From 2009 to 2010, Piot served as director of the Institute for Global Health at Imperial College London.
London School of Hygiene & Tropical Medicine
In September 2010, Piot became the director of the London School of Hygiene & Tropical Medicine.
In addition to his work at LSHTM, Piot is a member of the Institute of Medicine of the National Academy of Sciences of the United States and the Royal Academy of Medicine of Belgium, a Fellow of the Royal College of Physicians of London, UK and a Fellow of the Academy of Medical Sciences. In 2011, Amy Gutmann appointed him to serve on the International Research Panel at the Presidential Commission for the Study of Bioethical Issues.
In 2014, in the face of an unprecedented Ebola epidemic in western Africa, Piot and other scientists called for the emergency release of the experimental ZMapp vaccine for use on humans before it had undergone clinical testing on humans. That year, he was appointed by Director General Margaret Chan to the World Health Organization's Advisory Group on the Ebola Virus Disease Response, co-chaired by Sam Zaramba and David L. Heymann. He also chaired an independent panel convened by Harvard Global Health Institute and the London School of Hygiene & Tropical Medicine into the national and international response to the epidemic, which sharply criticised the response of the WHO and put forward ten recommendations for the body's reorganisation. In February 2020, he criticised the delay in declaring the 2019–20 novel coronavirus outbreak focused on Hubei, China, a Public Health Emergency of International Concern, and advocated a five-point scale for outbreaks, rather the current binary (emergency/no emergency) system.
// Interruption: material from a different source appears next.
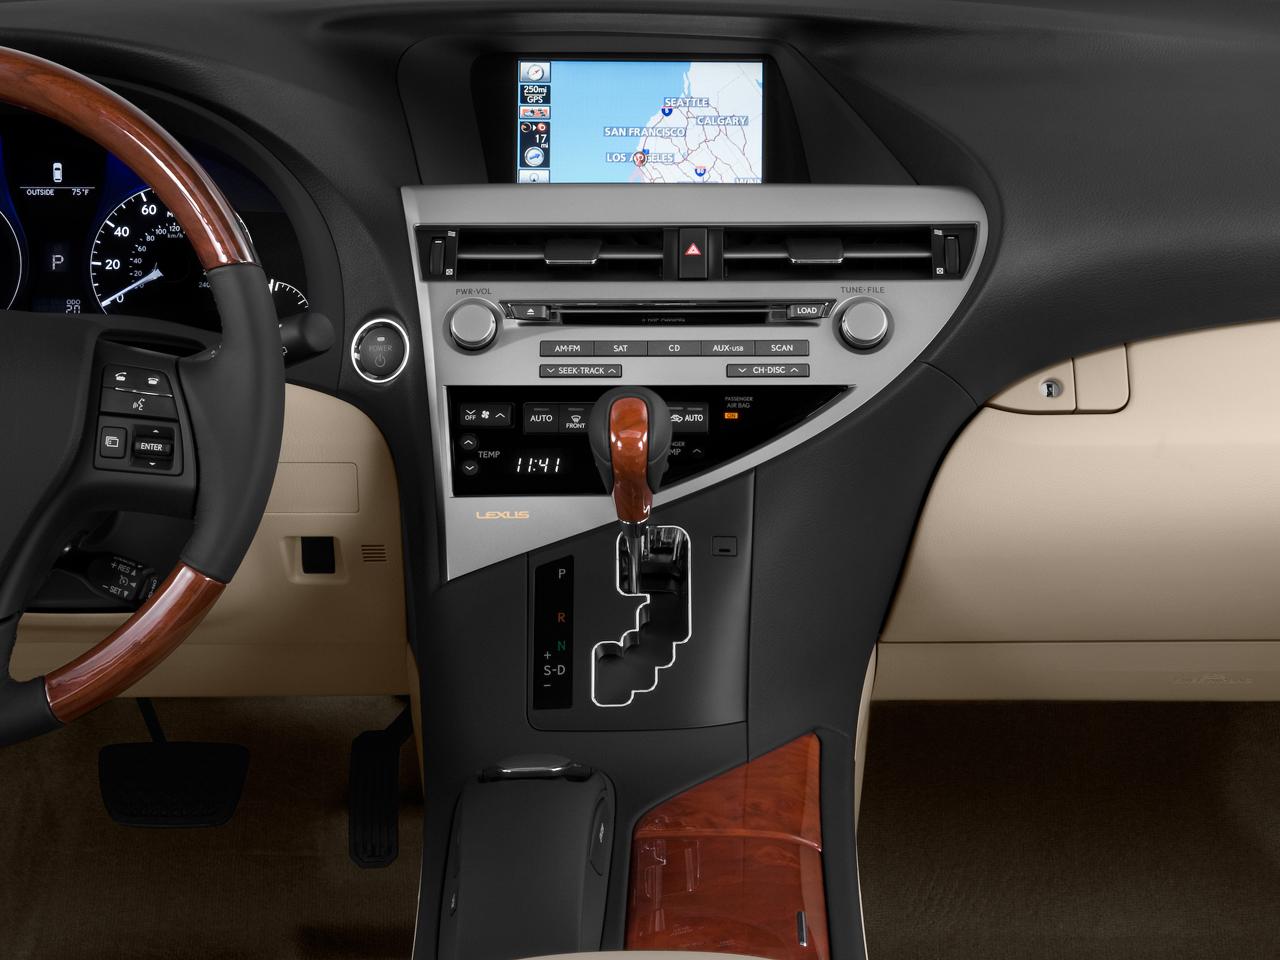 2010 Lexus RX350 - Lexus Luxury Crossover SUV Review ...

In 2020, Piot was appointed to the European Commission’s advisory panel on COVID-19, co-chaired by Ursula von der Leyen and Stella Kyriakides.
Other activities
Non-profit organizations
- Coalition for Epidemic Preparedness Innovations (CEPI), Member of the Board (since 2018)
- Africa Health Research Institute (AHRI), Chair of the Board of Directors (since 2017)Olive Shisana and Peter Piot appointed to Africa Health Research Institute Board Africa Health Research Institute (AHRI), press release of January 31, 2017.</ref>
- UK Collaborative on Development Research (UKCDR), Chair of the Strategic Coherence of ODA-funded Research (since 2017)
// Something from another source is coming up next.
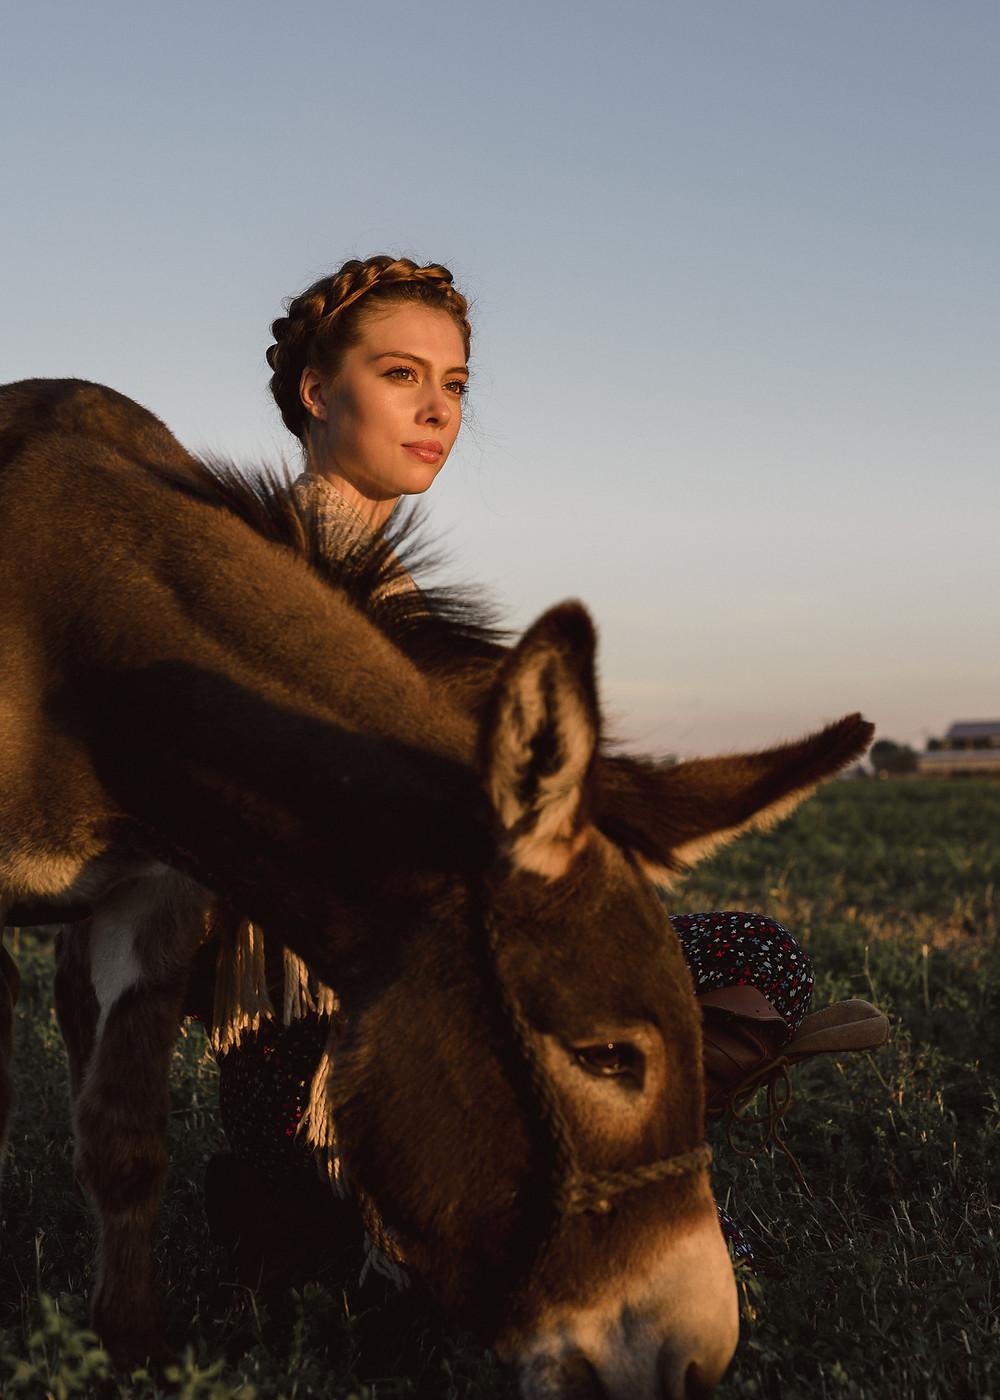 Alissa modeling with the mini donkey

- Africa Research Excellence Fund (AREF), Member of the Advisory Panel (since 2015)
- Novartis Foundation, Member of the Board of Trustees (since 2015)
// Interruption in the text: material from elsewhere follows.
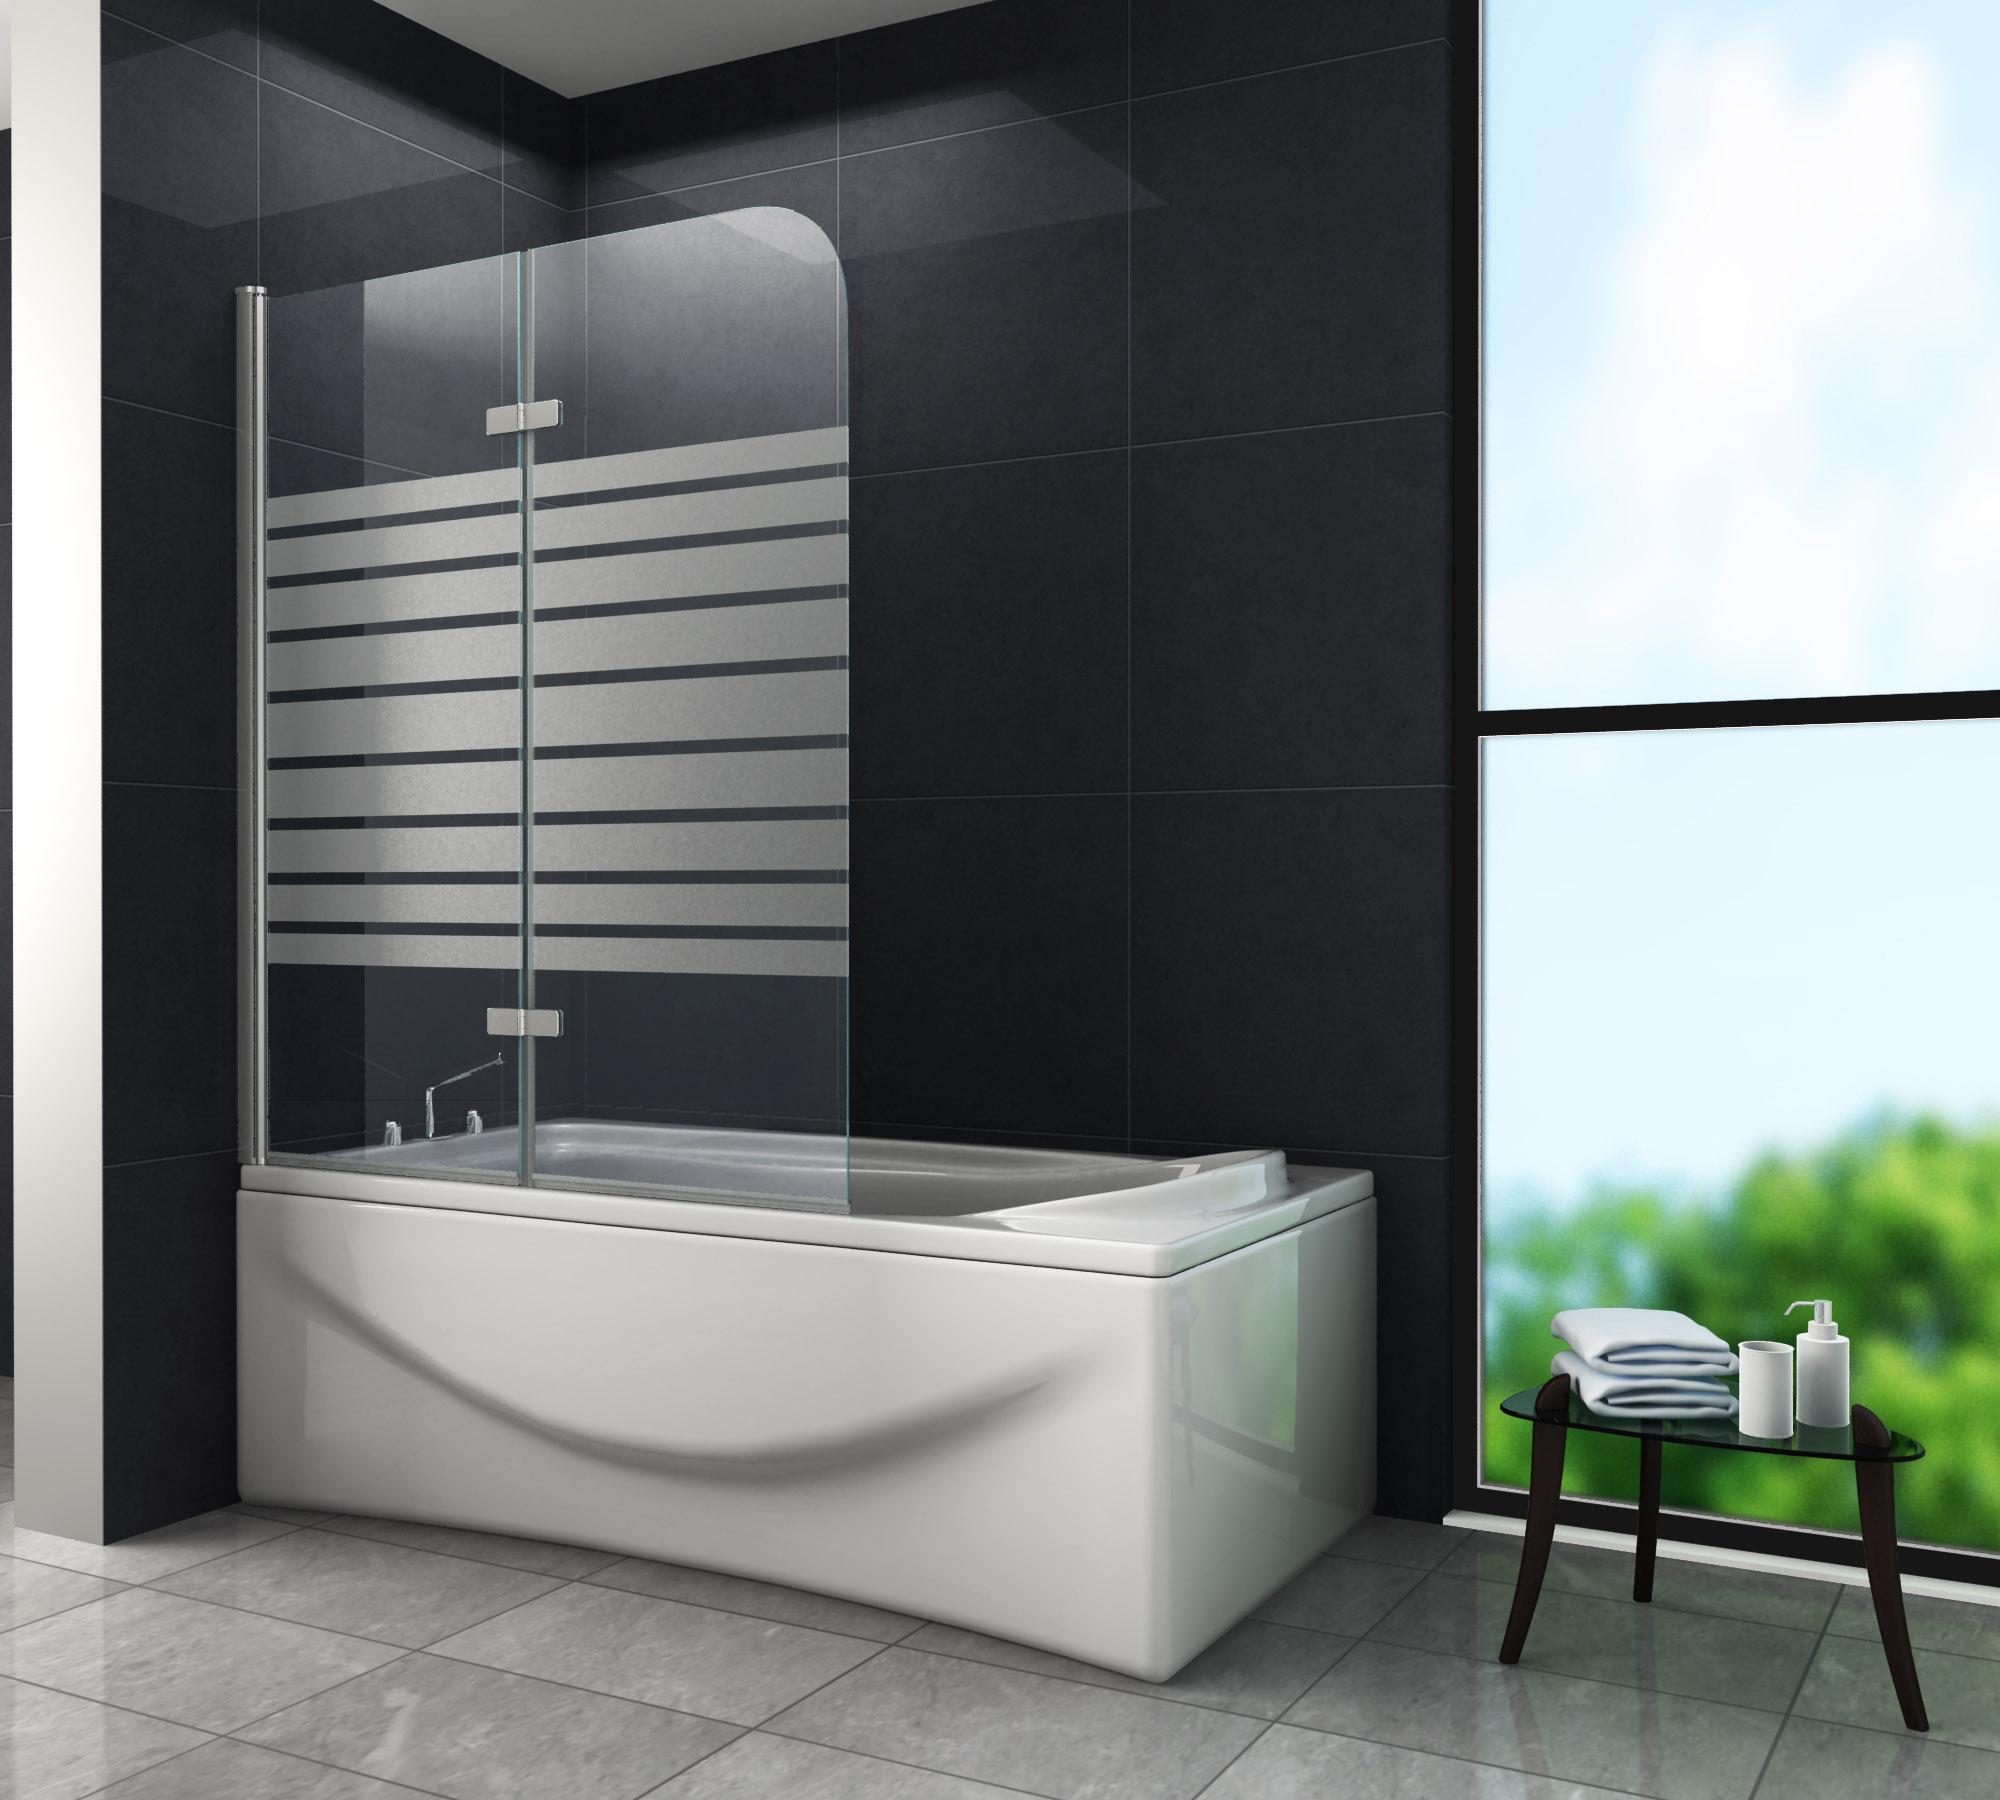 Duschtrennwand BREASE-FROST 100 x 140 (Badewanne)

- Antwerp Management School, Member of the International Advisory Board
- Centre Virchow-Villermé, Member of the International Advisory Board
- Global Health Innovative Technology Fund (GHIT), Member of the Board of Directors
- University of Washington, External Member of the Advisory Board at the Department of Global Health
- World Health Summit, Member of the Council
Editorial boards
- The Lancet, Member of the International Advisory Board
- The Lancet Public Health, Member of the Editorial Advisory Board (since 2016)
Recognition
Awards
- Calderone Prize in Public Health (2003)
- Vlerick Award (2004)
- America-Flanders Award (2008)
- Hideyo Noguchi Africa Prize (2013),
- Prince Mahidol Award (2013)
- Prix International de l’INSERM (2015)
- Canada Gairdner Global Health Award (2015)
- Manson Medal (2016)
Honours
Piot was appointed an Officer of the Order of the Leopard of Zaire in 1976 for his work during the Ebola outbreak, and was also appointed an Officer of the Order of the Lion of Senegal. He was ennobled as a Baron by King Albert II of Belgium, in 1995. In 2016, he was made an honorary Knight Commander of the Order of St Michael and St George in the United Kingdom.